Repair Procedures (cont.)

DISASSEMBLY PROCEDURES FOR
BOLTED BONNET VALVES

INTRODUCTION

Step-by-step disassembly procedures are
described for all types of Edward bolted
bonnet valves, including those with manual
and motor actuators.

It is important that the following para­graphs be read and understood before
specific disassembly work is started.

FIRST DETERMINE THE AREA
OF FAILURE

Failures or maintenance problems, for
other than check valves, can be divided

into two major areas. The area involved
will affect the disassembly procedure to be
followed. These areas, in general, are:

AREA 1

The impactor Handwheel or Handle, or the
Limitorque Actuator.

AREA 2

The valve internals, including the bonnet,
body, stem, disk, disk-nut, gland and seats.

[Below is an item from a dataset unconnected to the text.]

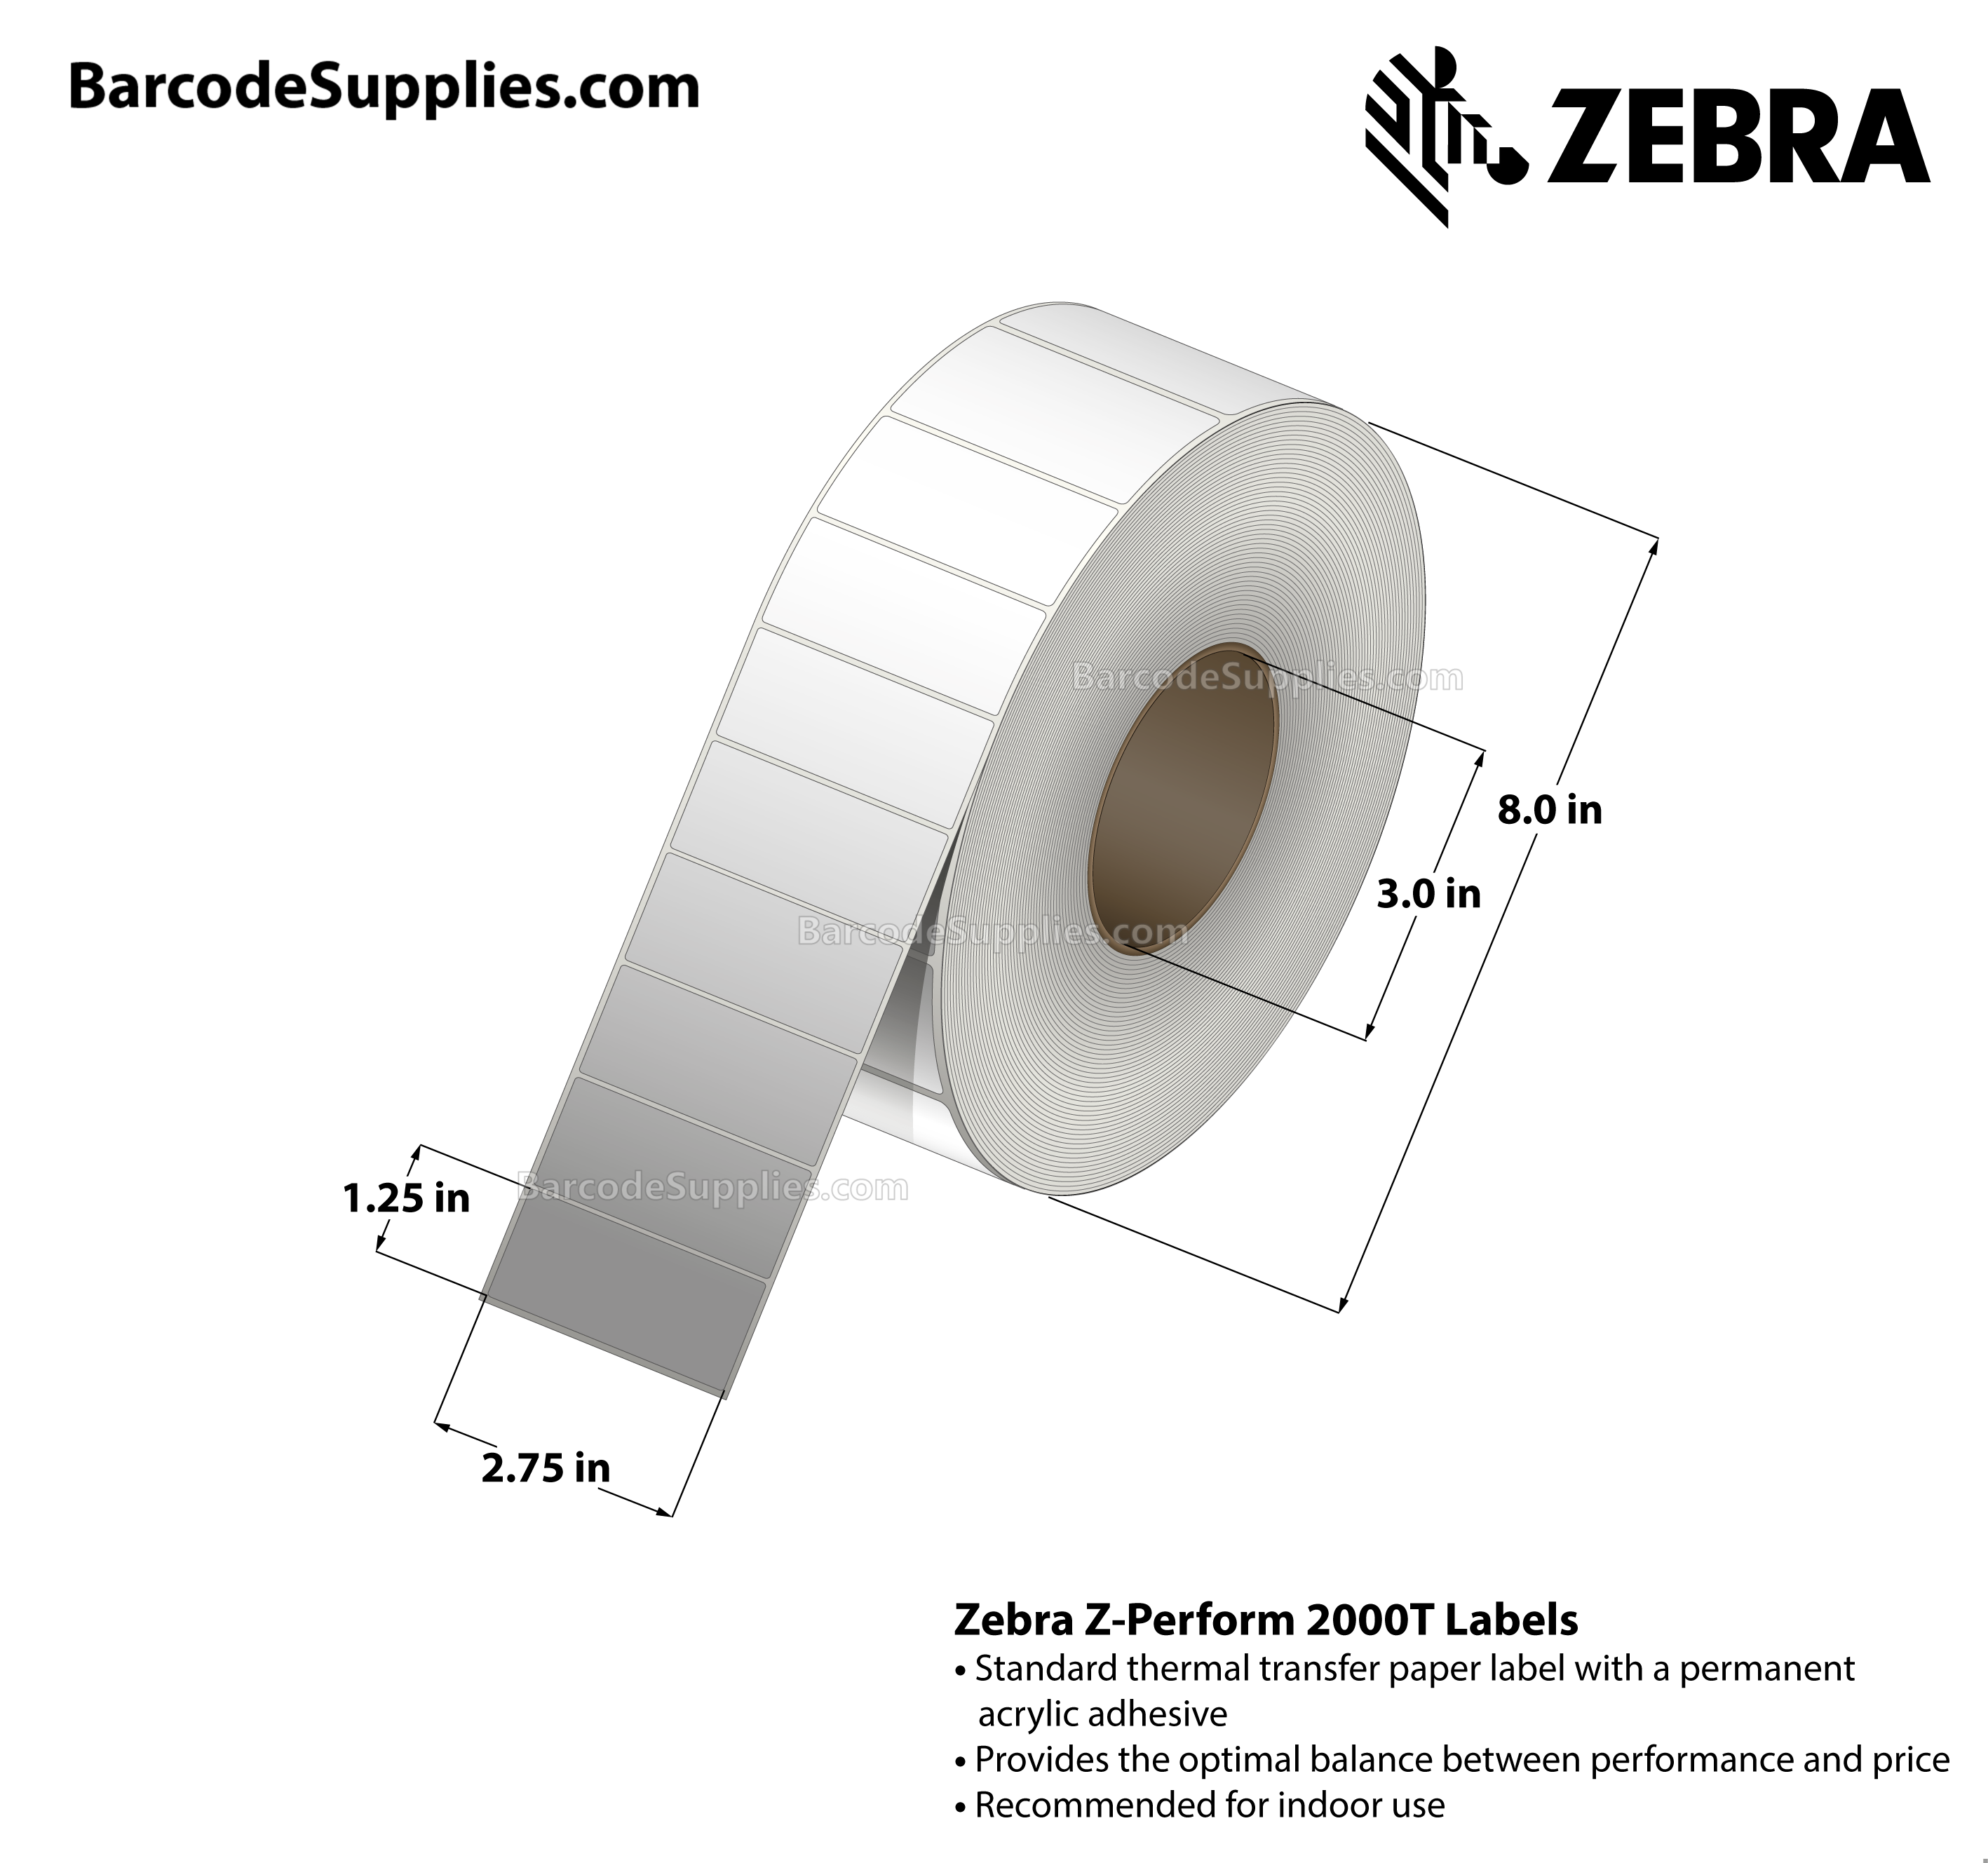 2.75 x 1.25 Thermal Transfer White Z-Perform 2000T All-Temp Labels With All-Temp Adhesive - Not Perforated - 4240 Labels Per Roll - Carton Of 8 Rolls - 33920 Labels Total - MPN: 72369

IF FAILURE IS INDICATED IN AREA 1,

Refer to the applicable section
“Disassembly Procedures for Impactor
Handwheels,” or “Procedures for Removing
Electric Actuators from Valve Bonnets,”
pg. 12.

IF FAILURE IS INDICATED IN AREA 2,

Two methods are available. In Method 1,
the actuator and bonnet assembly may be
removed from the valve body as a unit.
This requires less time but requires ade­quate clearance area above the valve. The
second method is to first remove the actua­tor from the bonnet, and then the bonnet
from the body, in separate steps.

For Method 1, leave the valve actuator
mounted on the bonnet and follow instruc­tions for “Disassembly Procedures for Valve
Parts,” pg. 14.

For Method 2, first remove the operator by
following the applicable section,
“Disassembly Procedures for Impactor
Handwheels” or “Procedures for Removing
Electric Actuators from Valve Bonnets”
pg. 12. Then proceed to the section,
“Disassembly Procedures for Valve Parts,”
pg. 14.

If failures are indicated in any combination
of Areas 1 & 2, then each of the respec­tive procedures must be followed . For

check valves without stems or actuators,
simply use the proper section under
“Disassembly Procedures for Valve Parts, “
pg. 14.

DISASSEMBLY PROCEDURES FOR
IMPACTOR HANDWHEELS AREA1

Edward valves use several designs of
Impactor handles or handwheels, depend­ing upon the valve size and pressure class.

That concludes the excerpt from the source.